The Djed is one of the most commonly used symbols in the Ancient Egyptian religion. As a pillar of stability, it symbolizes the backbone of Osiris – an Axis of power. Hence, it was used to summon stability and power to the one who focused on it. Moreover, it resembles to the sacred Phallus which is the key symbol of creativity and abundance – as well as an apotropaic symbol (repels evil).

The four bars of the Djed symbolize the four elements as the key components of this World’s axis. In other words it explains what this Realm is build of. Hence, the Djed was used to invoke stability and protection from all evil. In talismans the Djed helped the Priest/Priestess handle difficult situations especially when dealing with malevolent spirits. According to ancient Egyptian Magic, the Witch who wears the Djed can claim the power of Osiris to bind hostile spirits

5. Troll’s Cross

This Witch Rune’s origin seems to come from the icy Scandinavia. Norse religion used to carve this symbol in order to counter malevolent magic.
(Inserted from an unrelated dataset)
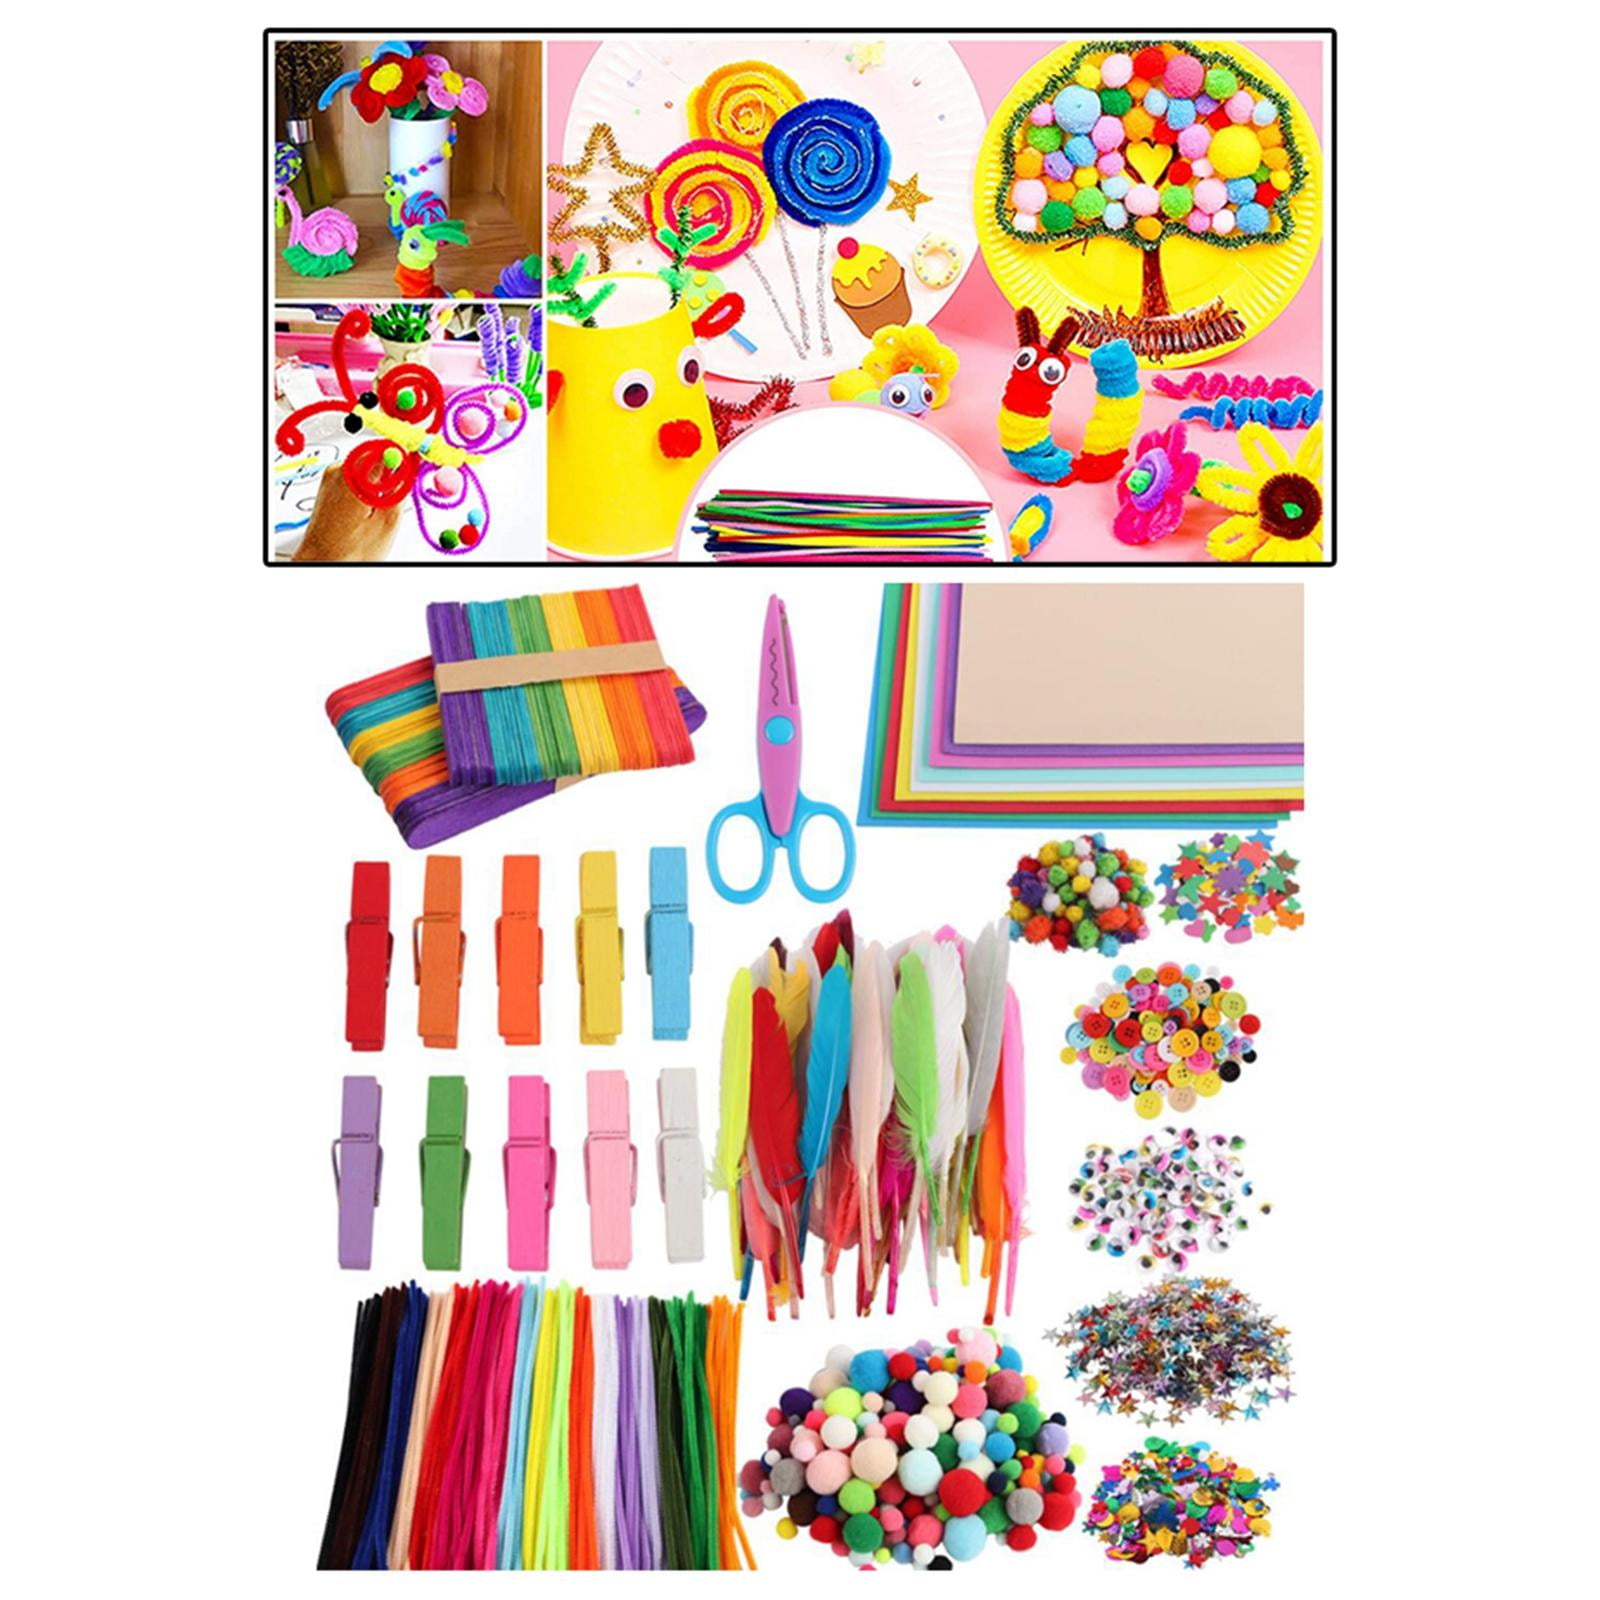 Zelssi [1200+] Pcs Craft Kit - Arts and Crafts for Kids - Mega Craft Vault  for Craft Supplies - Fantastic Craft Kits for Kids Ages 4-12, Learning  Activities & DIY Gift Idea

  • To empower the symbol you need to carve it on Tuesday morning.
  • Draw or carve it on an iron tool, like a knife or a dagger.
  • Hence, you can use it to cleanse the house or a person from malevolent magic and cut his/her parasitic cords.

6. Scythe

The Scythe’s symbol comes from the ancient god Kronos, the god of time. Saturn in latin, Kronos is the father of all-mighty Zeus. This witch rune draws its power from both the god and the associated planet.

Let me remind you the Saturn is also called the Planet of Witches. Why? Because Saturn’s cleansing power takes away all obstacles and delusions. Through challenges and tests, Saturn empowers us. The symbol can be used to cleanse illusions and banish all that is unnecessary. However, always make sure you clearly focus on your intention as the power of Kronos can be extremely intense and get you in a lot of troubles. This symbol is meant to be used only by skilled and experienced witches.

7. Witch’s knot

Also known as the Magic knot, the symbol looks like a cross or a compass – implying the power of the Witches over the four elements. Sometimes the knot is intercircled binding the power for the spell caster. Witches used this symbol to bind or change the weather and in other spells to assert their magical dominance over the physical world.

However, the same symbol was also used as a protection charm in Witch wars. It was believe to protect the one who bears it from all kinds of magic.

To tap into its power carve the Witch’s knot on a candle appropriate for your wish. For example, if love is what you seek for, try a pink one. For success, a golden one. Then, light the candle in the same way you use in candle magic.